My 2021 House Painting Campaign: D-O-N-E!

My parents’ large, two-story house had wooden shingles and I had to help my Dad paint it a few times back when I was a teenager. Ach. Definitely not a fun job. My wife and I moved into our first house in 1979. It was aluminum sided, which meant I didn’t have to paint the exterior for the 22 years we lived there. We moved into our current house in 2004 and it has wooden shingles. Double ach! What was I thinking? I’m still trying to figure out why warning rockets didn’t go off in my head as we contemplated buying. Well, the house was freshly painted at the time so the misery seemed 100 years away. But then I waited way too long. After nine years, the exterior was starting to look shabby. I had to do a tremendous amount of scraping and priming. The weathered shingles soaked up the paint like a thirsty deer drinking at a cool stream (Psalm 42:1). One coat wasn’t enough. I had to paint the entire house with two coats. I vowed to never let things get so out of hand again. I took a three-year break and put my new plan in place. I would paint a quarter of the house every summer with a one-summer break. Sure, there’s now painting almost every summer, but there’s very little prep work and it’s a much more manageable task including applying only one coat of paint.

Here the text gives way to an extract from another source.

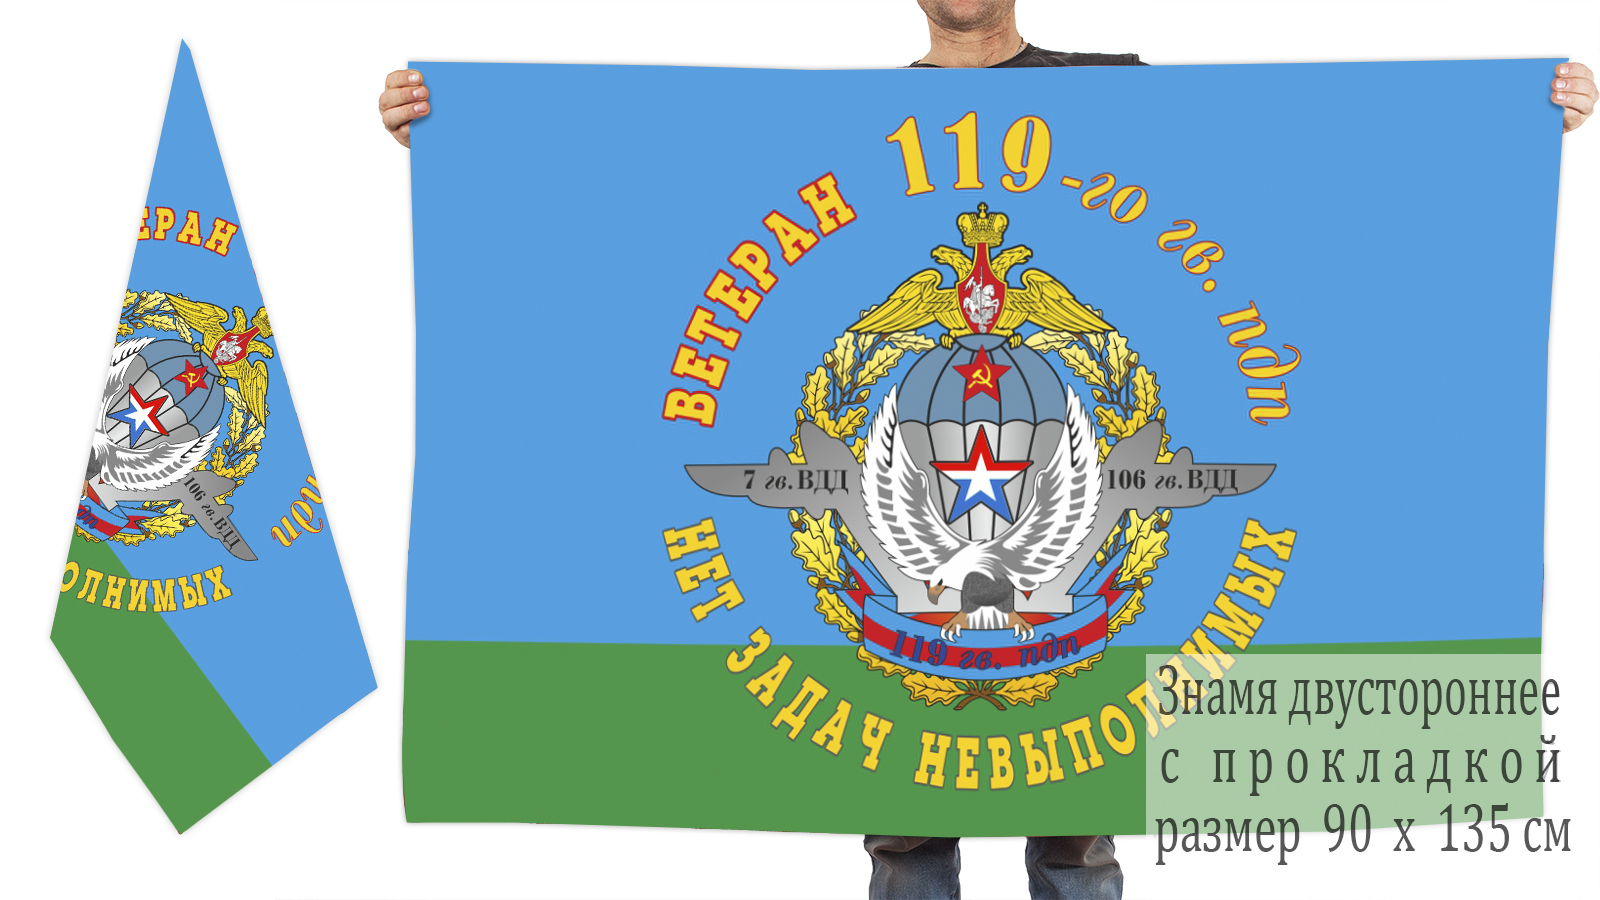 Двусторонний флаг Ветеран 119-го Гв. ПДП заказать с доставкой
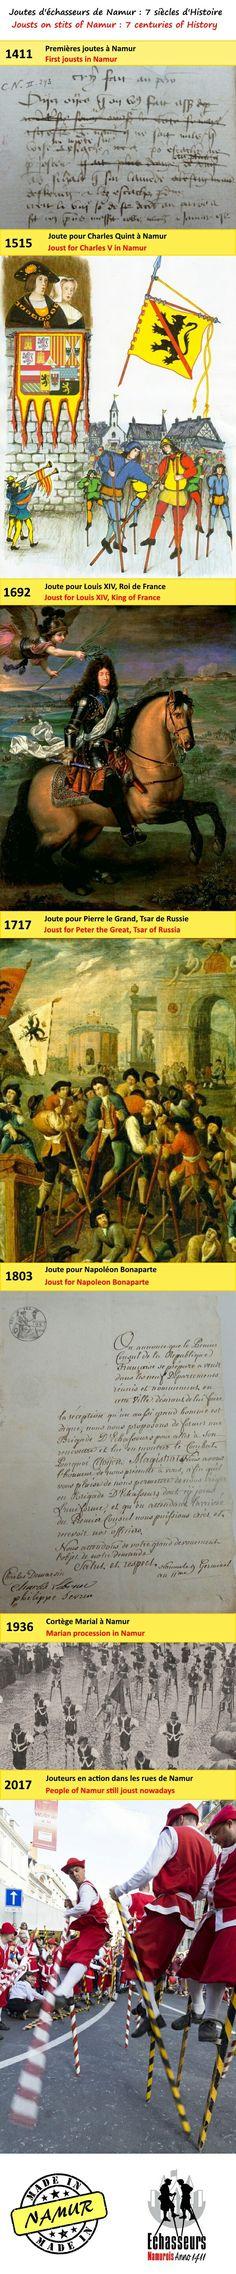 Les échasseurs namurois, combat d'échassiers Old Things, World, Photos, Folklore, Belgium, Pictures, The World, Earth

The southeast quarter of the house (see photo above) was due for painting this summer. I procrastinated for as long as possible, but finally took a trip to Home Depot on August 11th, buying a can of primer, two cans of paint, and a few other supplies. Our house is a ranch, so, thankfully, there’s not a lot of extension ladder work. While there wasn’t a crazy amount of prepping, I did come across some fascia board that had some water rot. How did I miss it the last time I painted that area? I must have had a lazy streak that summer.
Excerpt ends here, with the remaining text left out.